The copy must match the data below line for line and contain no images.
+++ Raw data
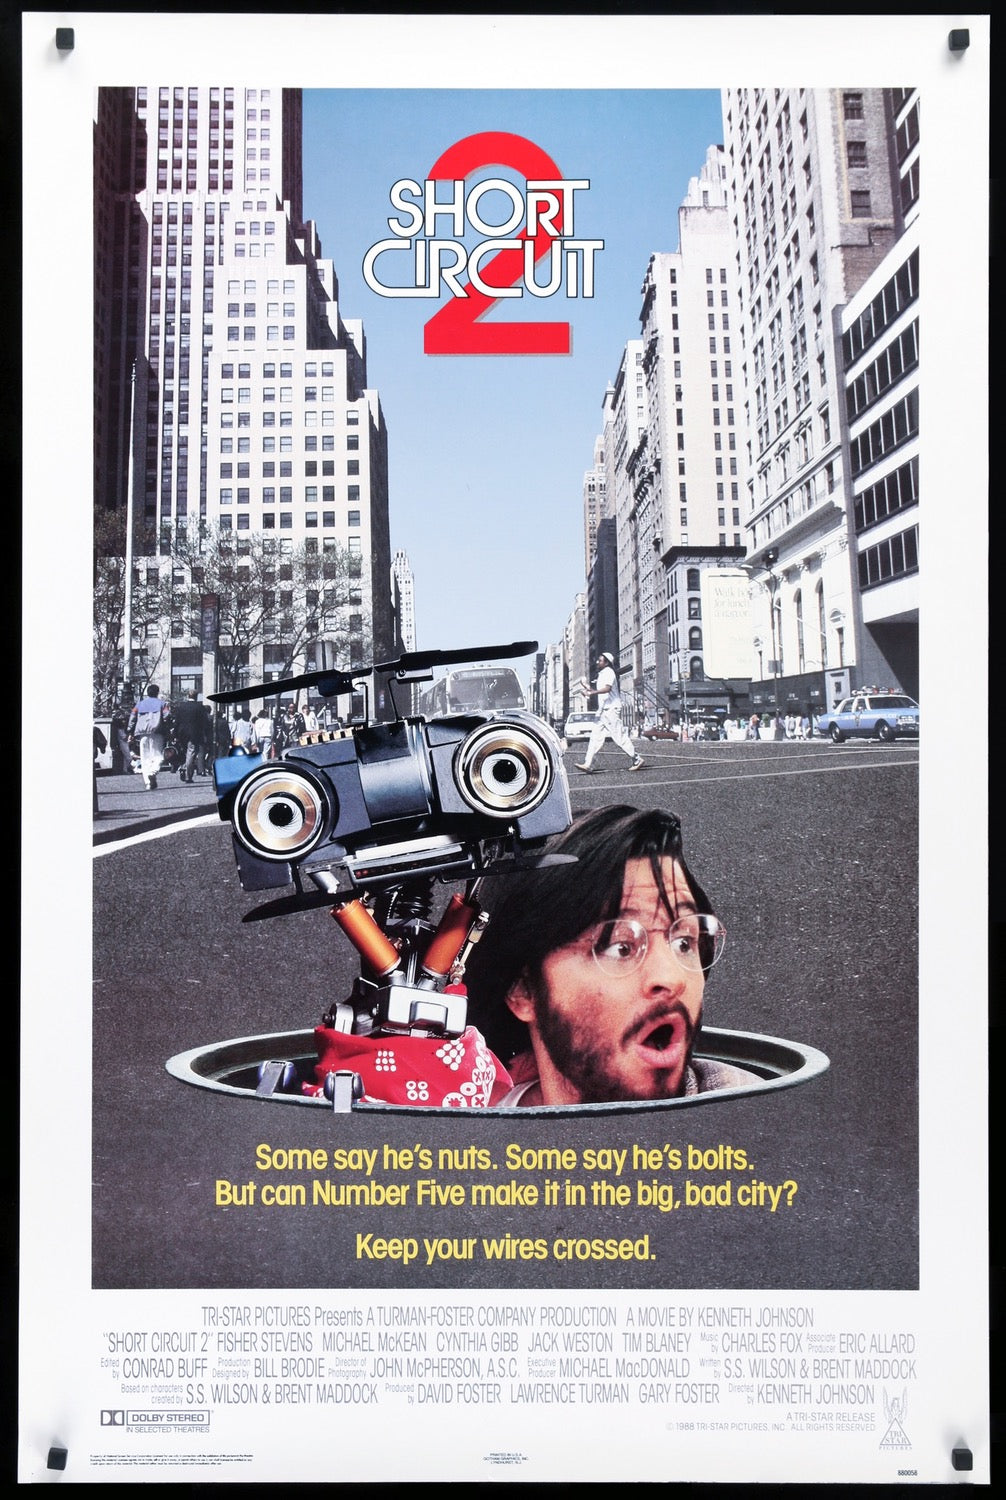 Short Circuit (DVD, 1985) for sale online
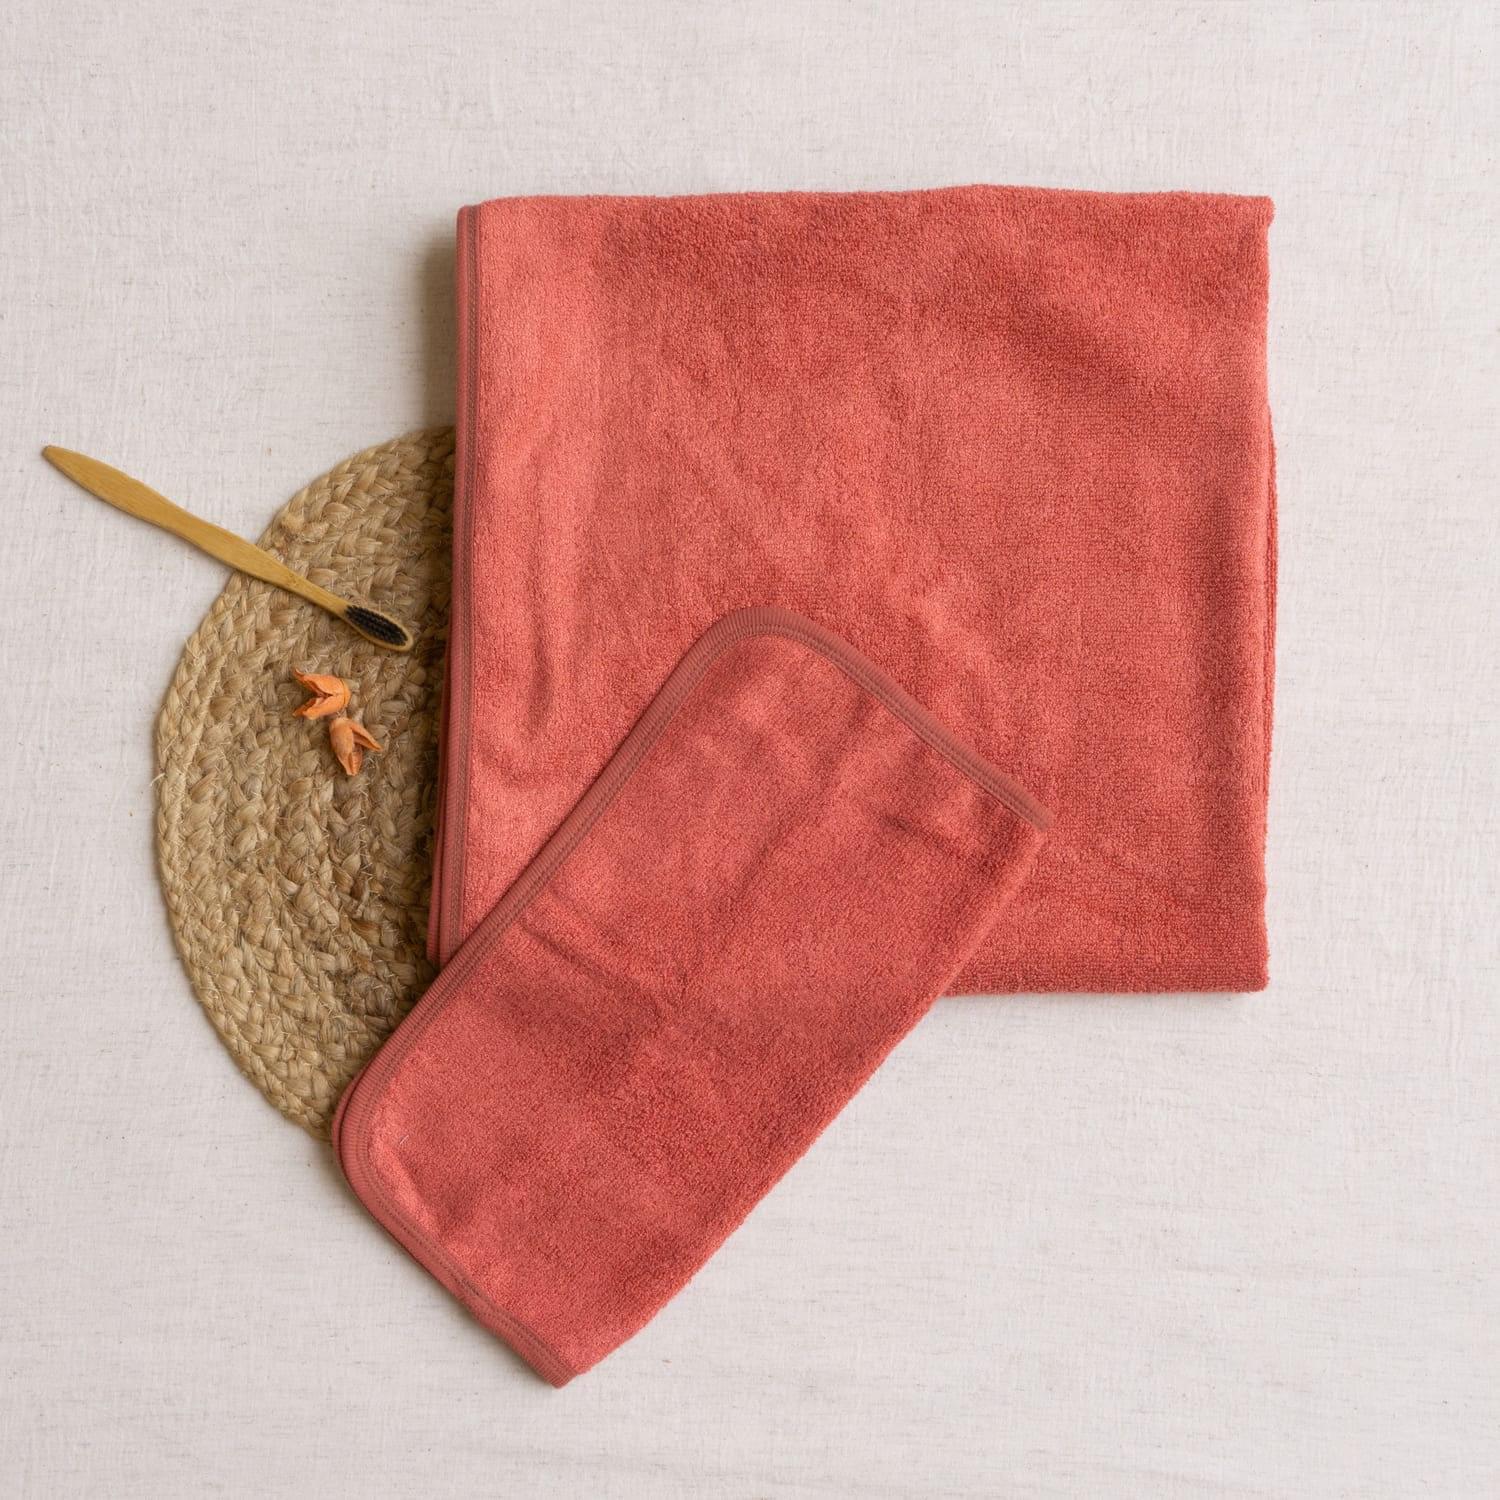 bamboo terry bath towel & face towel
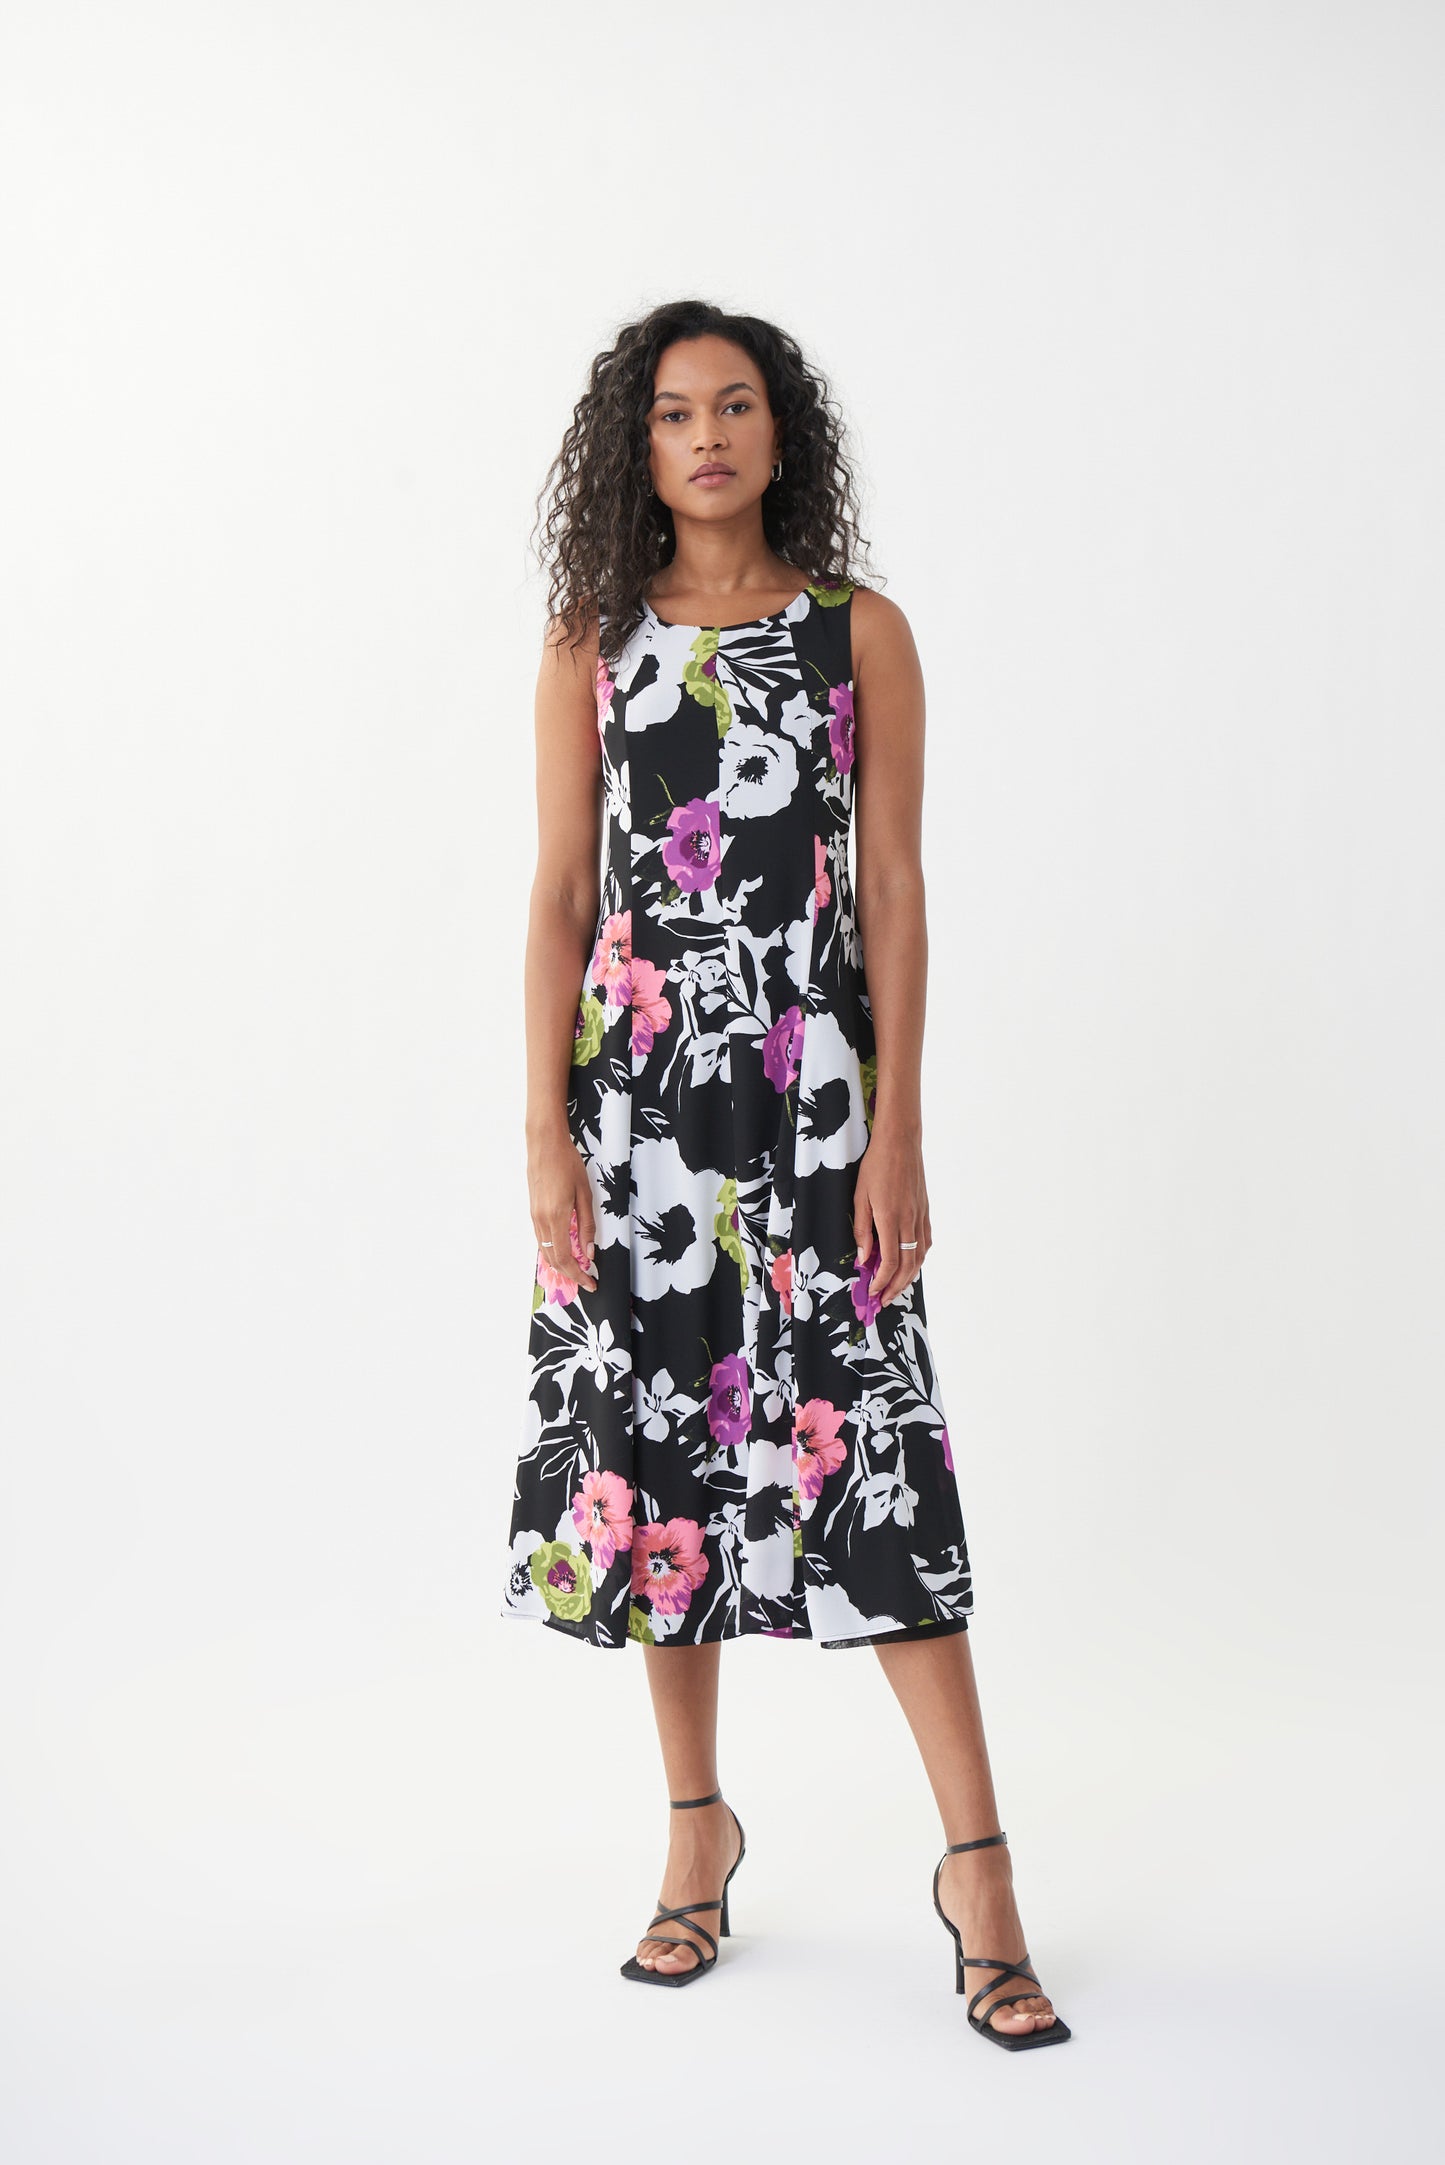 Joseph Ribkoff - Floral Maxi Dress - Style 222258
++++++
> Reply
 Short Circuit (DVD, 1985) for sale online
 bamboo terry bath towel & face towel
 Joseph Ribkoff - Floral Maxi Dress - Style 222258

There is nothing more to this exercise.